On the March 9, 2017 the Court of Justice of the EU (CJEU) came forward with a decision on the Manni Case C-398/15, which clarified several key aspects of the right to be forgotten and more specifically some of the conditions under which the right can be exercised in pursuance of the erasure of data stored in public registers.

The right to erasure, widely known as the right to be “forgotten”, emerged from CJEU’s case-law after the renowned Google Spain decision from the spring of 2014. Recently, the right has been also embedded in Article 17 of the newly adopted General Data Protection Regulation (GDPR), which is expected to come into effect in May 2018. Therefore, the CJEU’s decision in the Manni case sheds some light on this new instrument in the hands of data subjects for the protection of their rights.

Facts of the Case

Mr. Salvatore Manni, an Italian citizen and director of a developing building company, has been awarded a contract in a public procurement procedure for the construction of a tourist complex in Lecce, Italy. Not long after, he found that the buildings of the complex were selling badly due to information available in the Company Register of Lecce showing that Mr. Manni has been the sole manager and liquidator of a company, which had been put into insolvency in 1992 and accordingly struck off the Company Register in 2005. This incentivized Mr. Manni to bring a claim before the Lecce Chamber of Commerce for the erasure, anonymization or blocking of the data, which he considered as highly outdated and causing damage to his reputation and to his present-day business activities.

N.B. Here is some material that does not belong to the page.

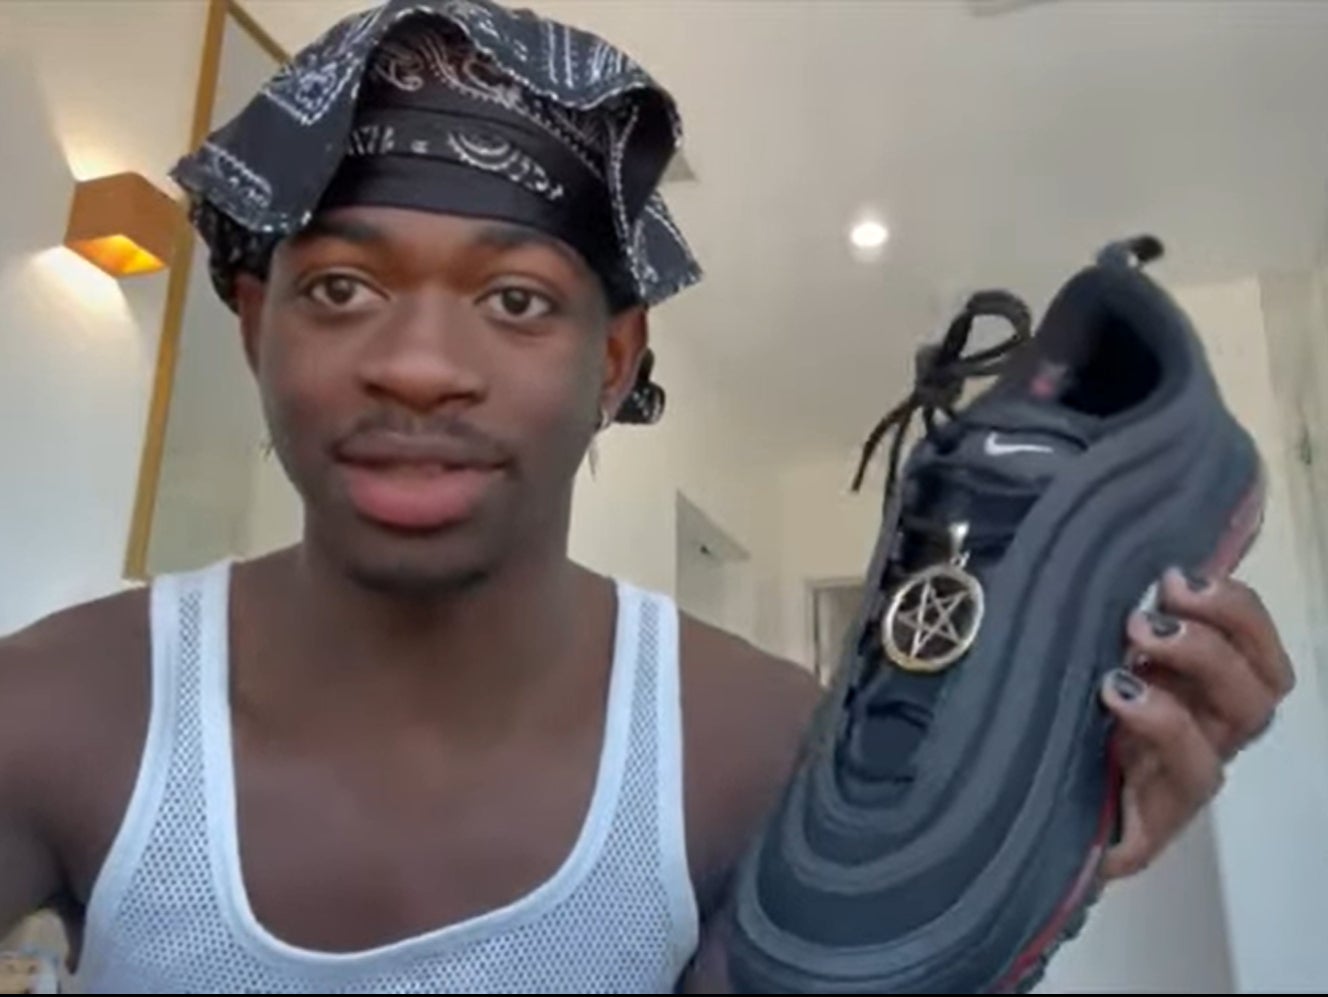 File image: Lil Nas X with Satan Shoes

After the dispute was transferred to the Court of Lecce, the judge upheld the claim and ordered the Lecce Chamber of Commerce to anonymize the data concerned. Following an appeal against that judgment, the Italian Court of Cassation decided to stay the proceedings in order to seek assistance for the resolution of the legal dispute before the CJEU. The questions focused on whether the company register is obliged, after a certain period of time has passed from the dissolution of a company, to erase, block or anonymize personal data upon request from the data subject.

Legal Context

The questions in the reference for a preliminary ruling concern First Council Directive 68/151/EEC on safeguards for the protection of the interests of company members and others (First Council Directive) and Directive 94/46 on the protection of individuals with regard to the processing of personal data (Directive 95/46).

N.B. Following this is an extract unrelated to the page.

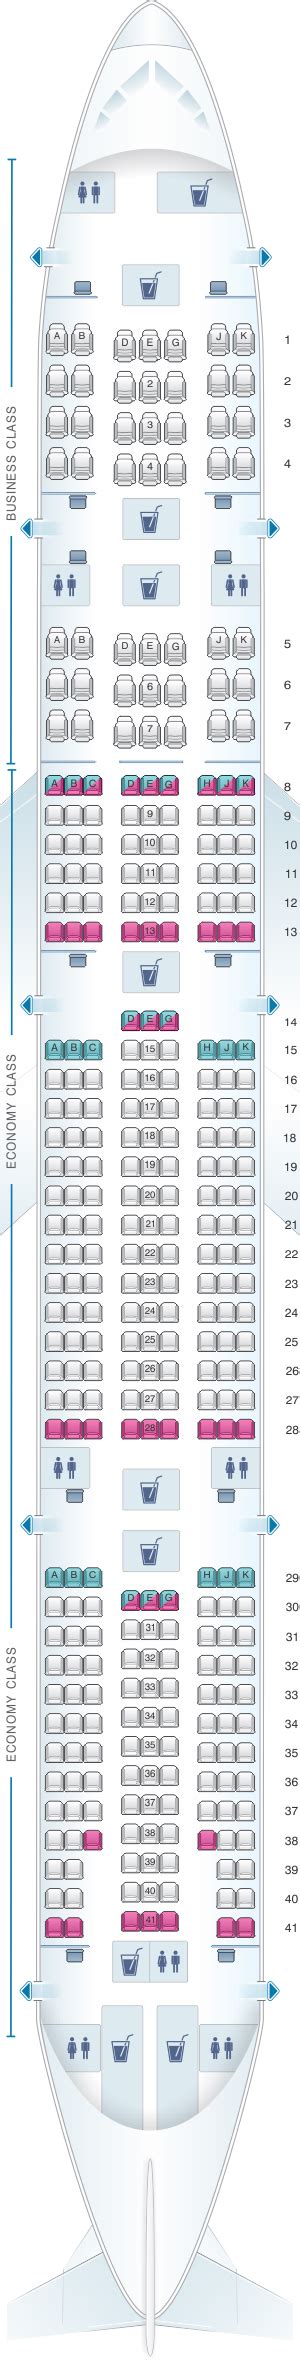 turkish airlines map of seats

In brief, the First Council Directive aims to harmonize the frameworks, regulating the disclosure of company information in different Member States in order to better safeguard the interests of third parties, engaging in commercial operations with companies throughout the whole EU. Article 2 of the First Council Directive obliges Member States to ensure as a necessary minimum the disclosure of, inter alia, information about each person who takes part in the administration, supervision or control of the company.

Directive 95/46/EC, on the other hand, aims to protect the fundamental rights and freedoms of individuals, and, more specifically, their right to private and family life and the right to protection of their data. Directive 95/46 should be interpreted in light of Articles 7 and 8 of the Charter of Fundamental Rights of the European Union, which proclaims respect for private and family life and protection of personal data as two separate fundamental rights. Article 6, paragraph 1, subparagraph (e) of Directive 95/46 provides that personal data must be kept in a form which permits identification of data subjects for no longer than it is necessary for the purposes for which the data were collected or processed in the first place. Apart from this, article 12 of Directive 95/46/EC grants data subjects the right to obtain rectification, erasure or blocking of their personal data the processing of which does not comply with the provisions of Directive 95/46/EC.

CJEU’s View on the Matter

Navigating through this legal context, the CJEU’s task was to counterbalance the right to data protection of Mr. Manni against the right of third parties to consult this personal data since they carry specific interests to do so. The Court started with a preliminary note that despite being provided in a professional context, the data concerning Mr. Manni constitutes ‘personal data’ within the meaning of Article 2 (a) of Directive 95/46. Therefore, the CJEU started its analysis with a review on the legal grounds for the data processing by the company register, acting as a “data controller”[1].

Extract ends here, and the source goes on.